The only problem with spreading the decoys is having enough hunters to cover the whole spread. I grew up hunting with 8 guys spread in singles all over a large spread. With no communication, one hunter would pull up and shoot..and 7 others would follow up with poor, flaring shots. The result was fewer harvests and too many cripples.

I like to have at least a group of 3, and when the shot is called, all three barrels go up at once. I think next year I'm going to split up the groups more and use all-way radios to communicate among the pit bosses. So there's no surprises and everyone can take quality shots.

Plus if you're hunting with rookies...nobody really wants them with guns pointing at them at all times from behind. That's one of the first things I take into account in the field. I was almost shot 2 springs ago.


----------



## Perry Thorvig (Mar 6, 2002)

Oh boy, some more food for thought. Thanks guys for responding. I am talking mostly about fall hunting.

I like the big funnel idea when you spread 500 decoys into two groups of 250 and place them 300 yards apart. We often spread our deeks into two parts with about 50 to 60 yards in between them. Singles and small groups like to fly up the funnel between the two groups.

The 300 yard separation might just get those flaring flocks to try to sneak up the middle of the big funnel. We just might get some shooting if we are in low profile blinds or camouflage really well out there in the open between the two big bunches of decoys.

BUT, I have to agree with Goosebuster3. I think we would sacrifice our duck shooting. It is a tradeoff. ---- The whole darned world is about tradeoffs.

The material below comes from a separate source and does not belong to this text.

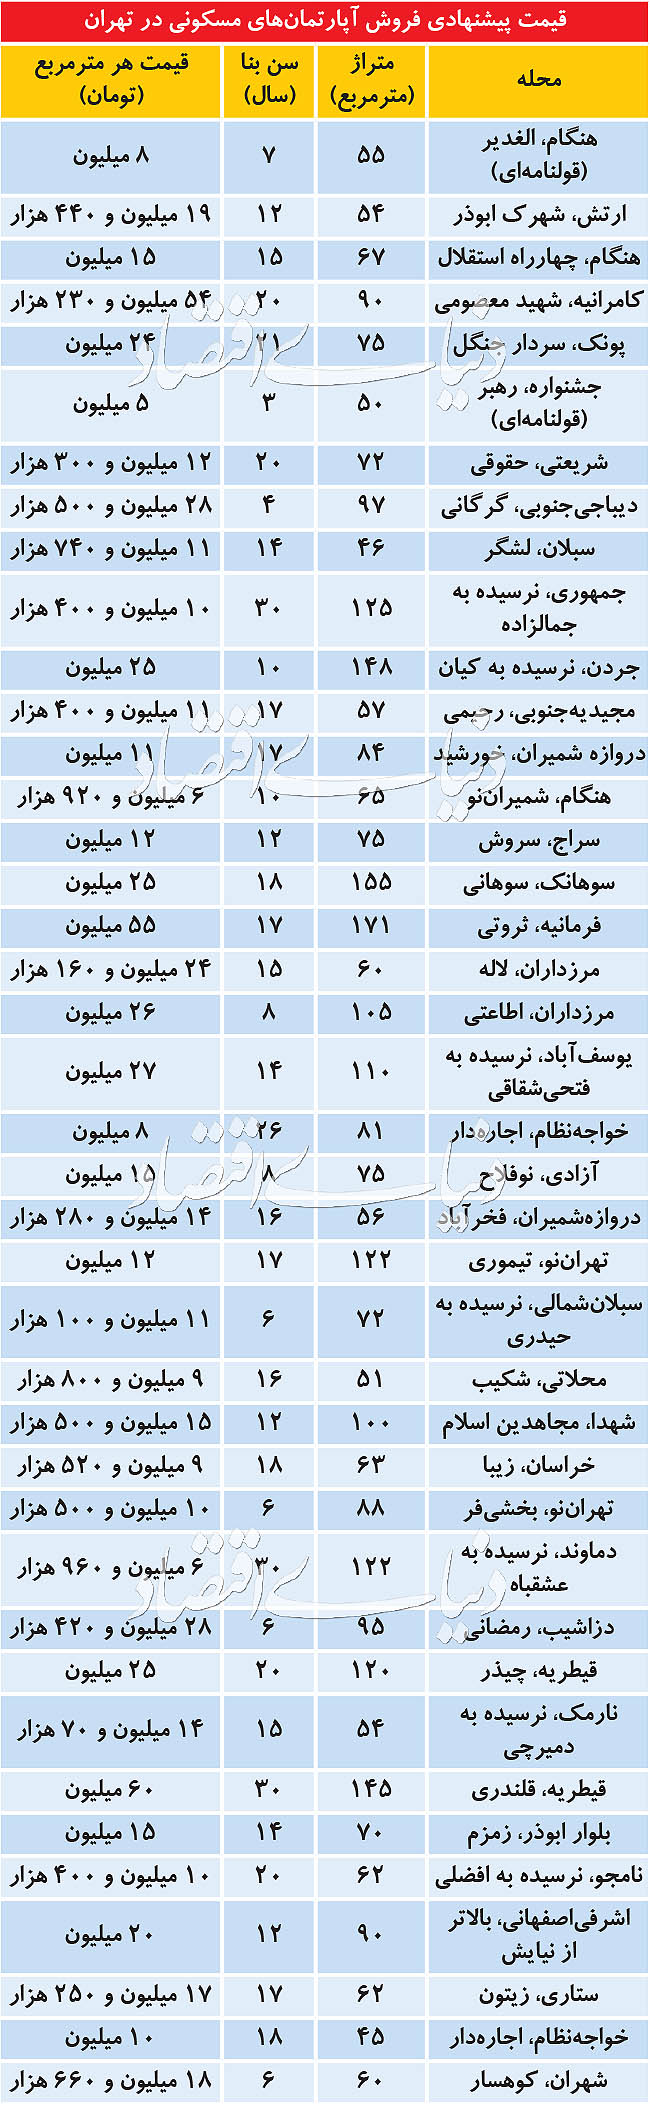 قیمت پیشنهادی فروش آپارتمان در تهران

Chris. You bring up another point. Shooters do need to be coordinated. However, how far can we go in using walkie-talkies? I do not have a problem talking back and forth about what just happened. But, I would think the game wardens might not look kindly on me getting on the walkie-talkie- and telling my buddies 300 yards away that a single is coming in from behind them. I think that would be illegal.


----------



## Qwack (May 25, 2002)

Walkie talkies are illegal for waterfowl (and all other?) hunting in MN. Not sure about ND.


----------



## nodakoutdoors.com (Feb 27, 2002)

Sorry for my ignorance...I wasn't aware it was illegal for waterfowl.


----------